Survival, plasma HIV-1 RNA concentrations and drug resistance in HIV-1-infected Haitian adolescents and young adults on antiretrovirals

Macarthur Charles, Francine Noel, Paul Leger, Patrice Severe, Cynthia Riviere, Carole Anne Beauharnais, Erica Miller, John Rutledge, Heejung Bang, Wesley Shealey, Richard T D'Aquila, Roy M Gulick, Warren D Johnson, Peter F Wright, Jean William Pape & Daniel W Fitzgerald

 AIDS is the leading cause of death in adolescents and youth aged 13–25 years in sub-Saharan Africa and Caribbean countries that have generalized epidemics of infection with HIV-1.1–3 Antiretroviral therapy (ART) can dramatically decrease AIDS mortality.4–6 However, about 50% of HIV-1-infected adolescents on ART in the United States of America (USA) have detectable plasma HIV-1 ribonucleic acid (RNA) after 12 months of treatment,7,8 a virologic failure rate significantly higher than the 20% rate reported for adults in both high-income and resource-poor settings.9–12 Such a low rate of success in adolescents in the USA is associated with poor adherence to treatment.

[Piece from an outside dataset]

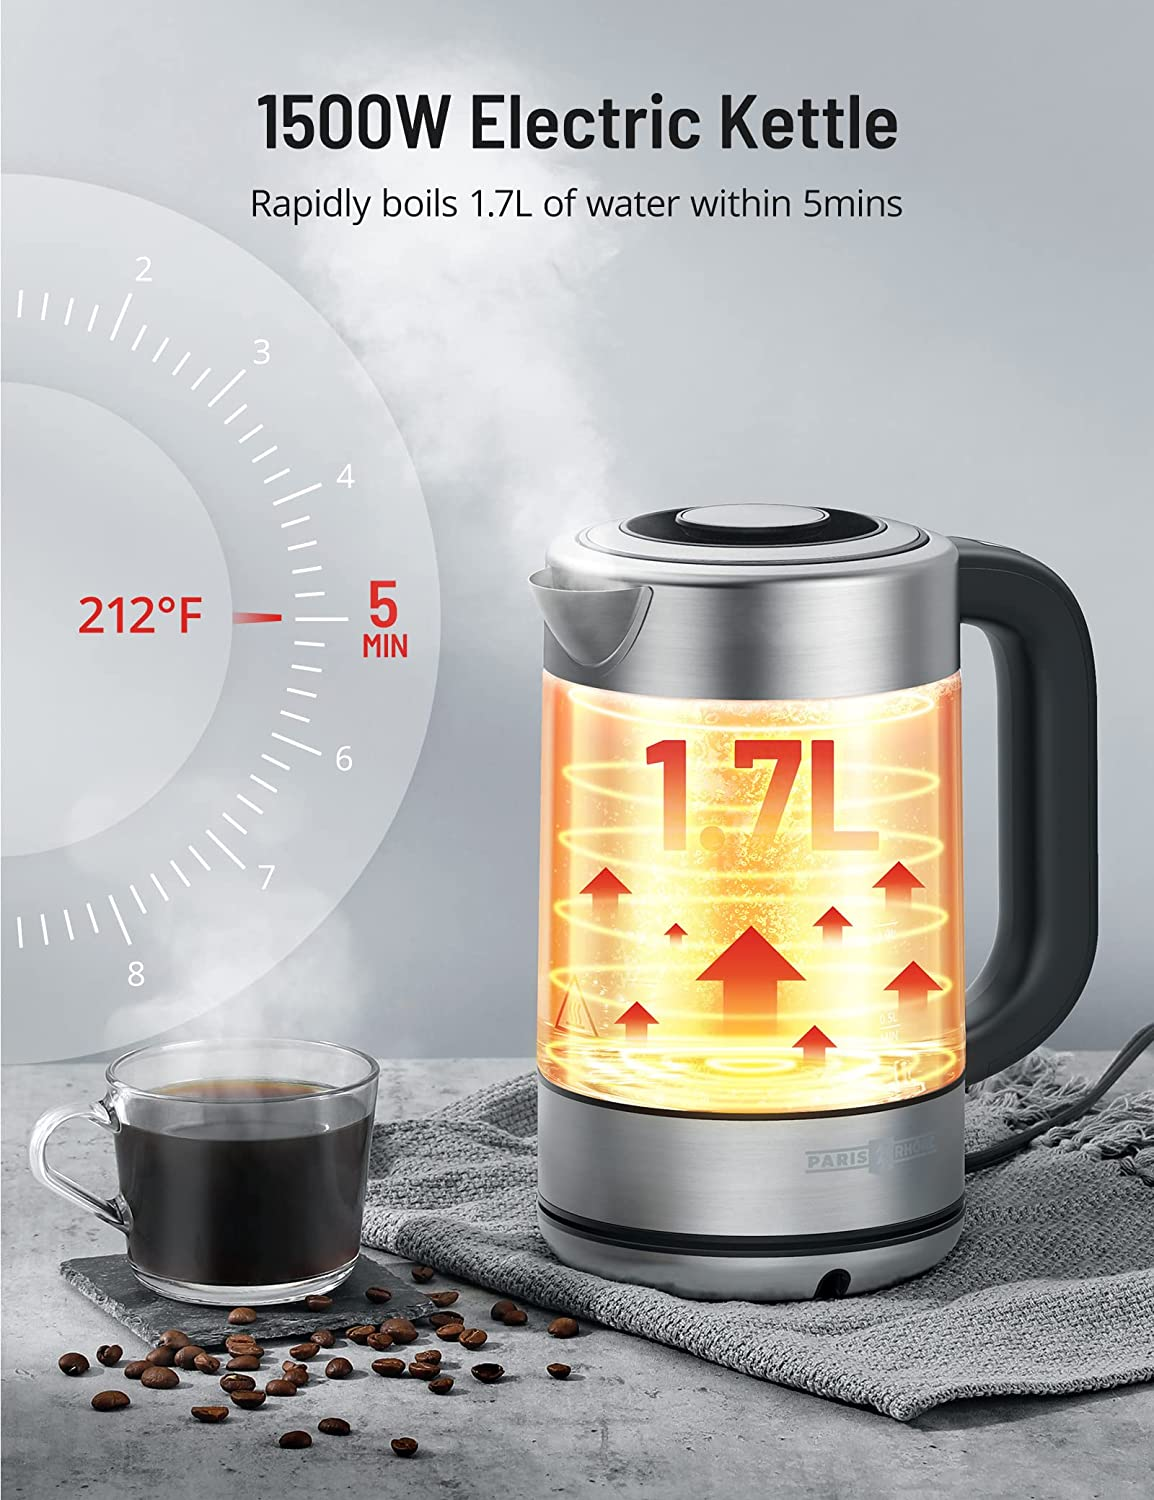 Double Wall Electric Kettle - Black 37 oz - The Republic of Tea | Double Wall Electric Kettle - 37 oz

There are limited data on outcomes after ART in HIV-1-infected adolescents and youth in developing countries, and no country has published data on HIV-1 drug resistance. The authors report survival, plasma HIV-1 RNA concentrations and HIV-1 drug resistance patterns in 146 adolescents and youth aged 13–25 years who were infected with HIV-1 and fulfilled the clinical criteria for AIDS and were consecutively treated with ART in Port-au-Prince, Haiti, beginning in March 2003.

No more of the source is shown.